Citi Hit with Suit over Charges Related to Trades in 2008

Zacks

The financial crisis related issues seem to be far from over. Citigroup Inc. C has yet again been hit with a lawsuit by a collapsed hedge fund – Millennium Global Emerging Credit Fund Ltd. The news first reported by Bloomberg, stated that the New York-based banking giant has been accused of undervaluing assets when it closed out trades during the peak of the 2008 crisis, citing court papers filed in October.

The liquidators of the fund alleged that Citigroup quickly ended positions and at rates that did not correctly reflect the market. As a result the liquidators incurred losses of around $1 billion. Notably, the liquidators are demanding around $53 million in damages.

The suit claimed that Citigroup failed to undertake reasonable procedures when it terminated positions following the fund’s default in October 2008. For the 51 open transactions that were closed out, the bank agreed to shell out about $6.8 million. However, as per the fund’s calculation Citigroup should pay around $53 million.

In its defense, Citigroup stated that the concerned positions were illiquid and difficult to value even in normal market conditions. Although, the bank accepted that it incorrectly valued some trades, it noted that the adjustments were substantially less than those claimed by the fund. In a statement Citigroup noted that it is “vigorously defending” the claims.

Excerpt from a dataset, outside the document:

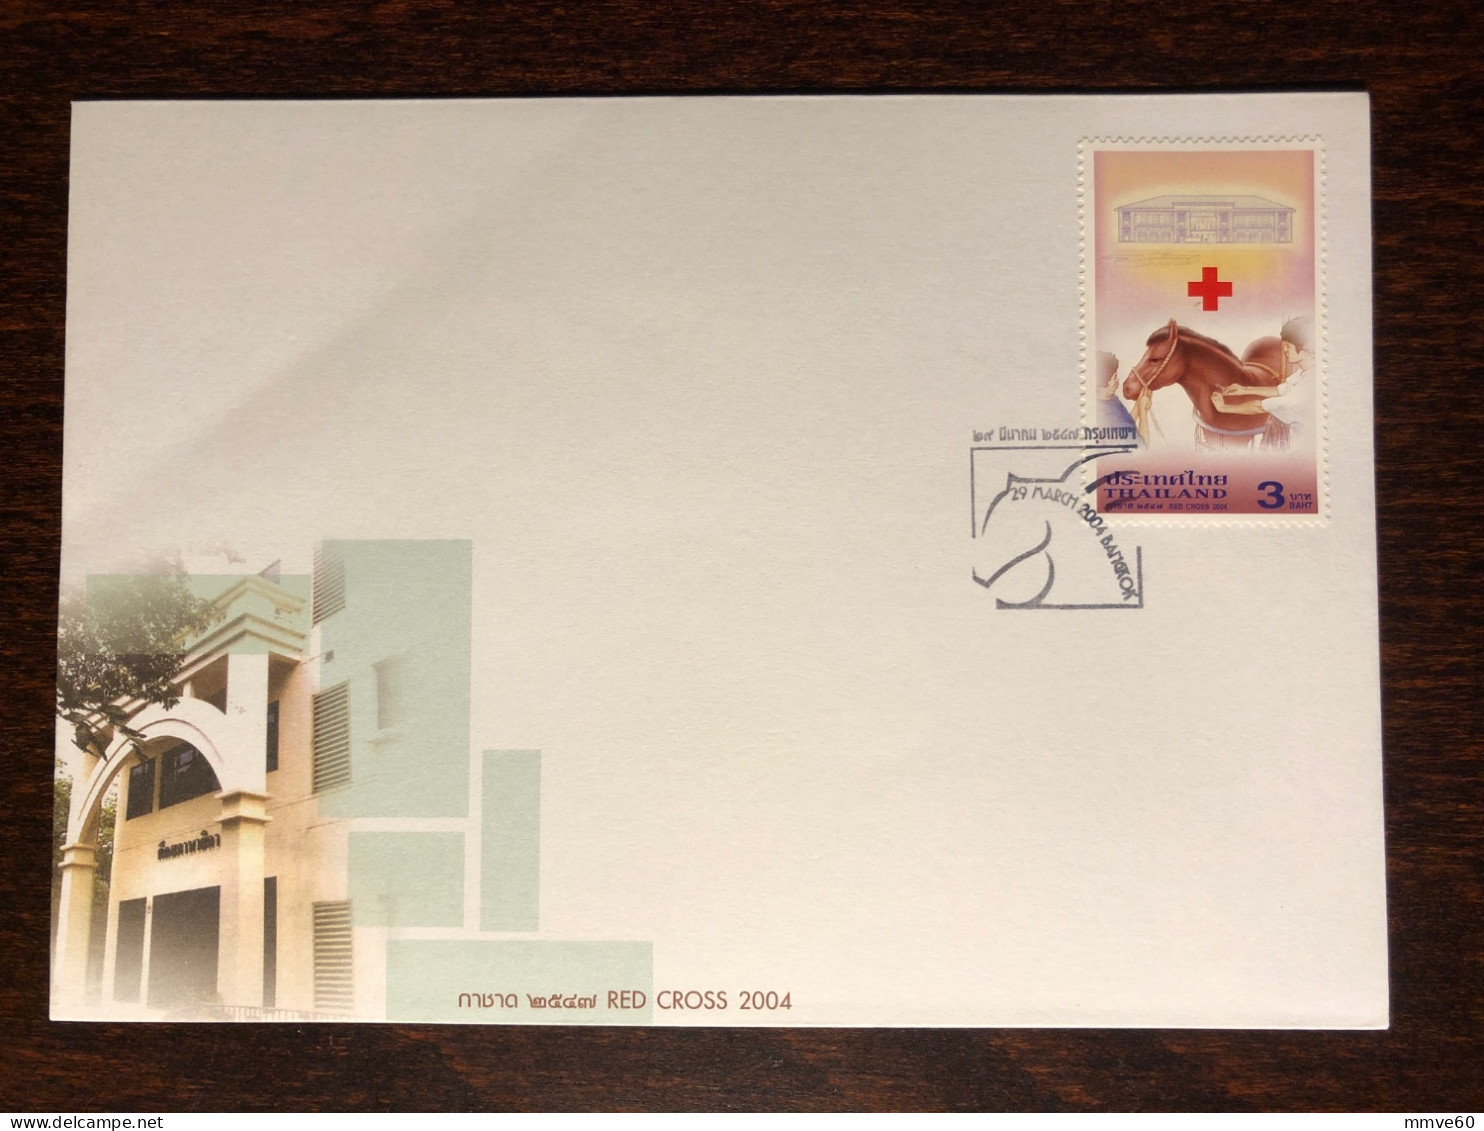 THAILAND FDC COVER 2004 YEAR RED CROSS HEALTH MEDICINE STAMPS - Tailandia

The hedge fund filed for bankruptcy in Bermuda in late 2008 and Michael Balboa, the manager of the fund was charged in 2011. Last year, Balboa was sentenced to four years in prison for inflating the hedge funds assets in his portfolio by manipulating the value of Nigerian debt. Notably, KPMG in Bermuda is liquidating the fund.

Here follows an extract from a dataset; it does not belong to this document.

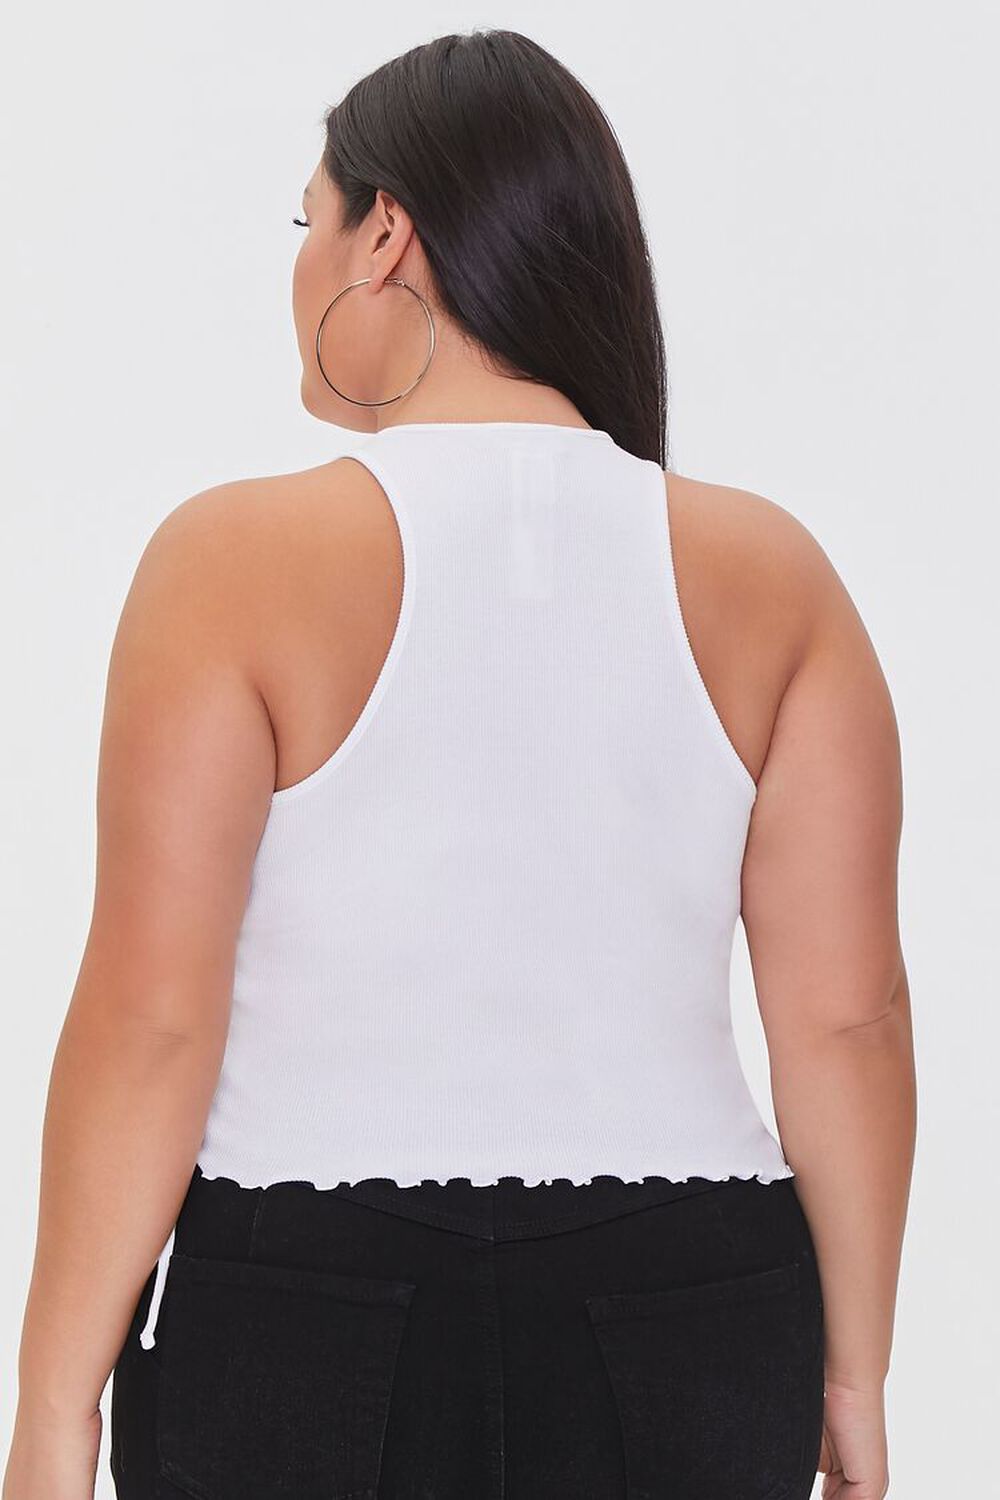 Plus Size Lucky Me Graphic Tank Top, image 3

The latest lawsuit further adds to the woes of Citigroup, which is already burdened with numerous investigations and lawsuits from investors and regulators. Though the company resolved certain litigations related to the sale of risky mortgage-backed securities and other issues, many of the cases are yet to be resolved. As Citigroup continues to work through its legal issues, we believe the company will continue to witness increased legal expenses and litigation provisions, which will likely hurt its financials.

Citigroup currently carries a Zacks Rank #3 (Hold). Some better-ranked stocks in the finance space include Enterprise Financial Services Corp. EFSC, Middlefield Banc Corp. MBCN and Blue Hills Bancorp, Inc. BHBK, each sporting a Zacks Rank #1 (Strong Buy).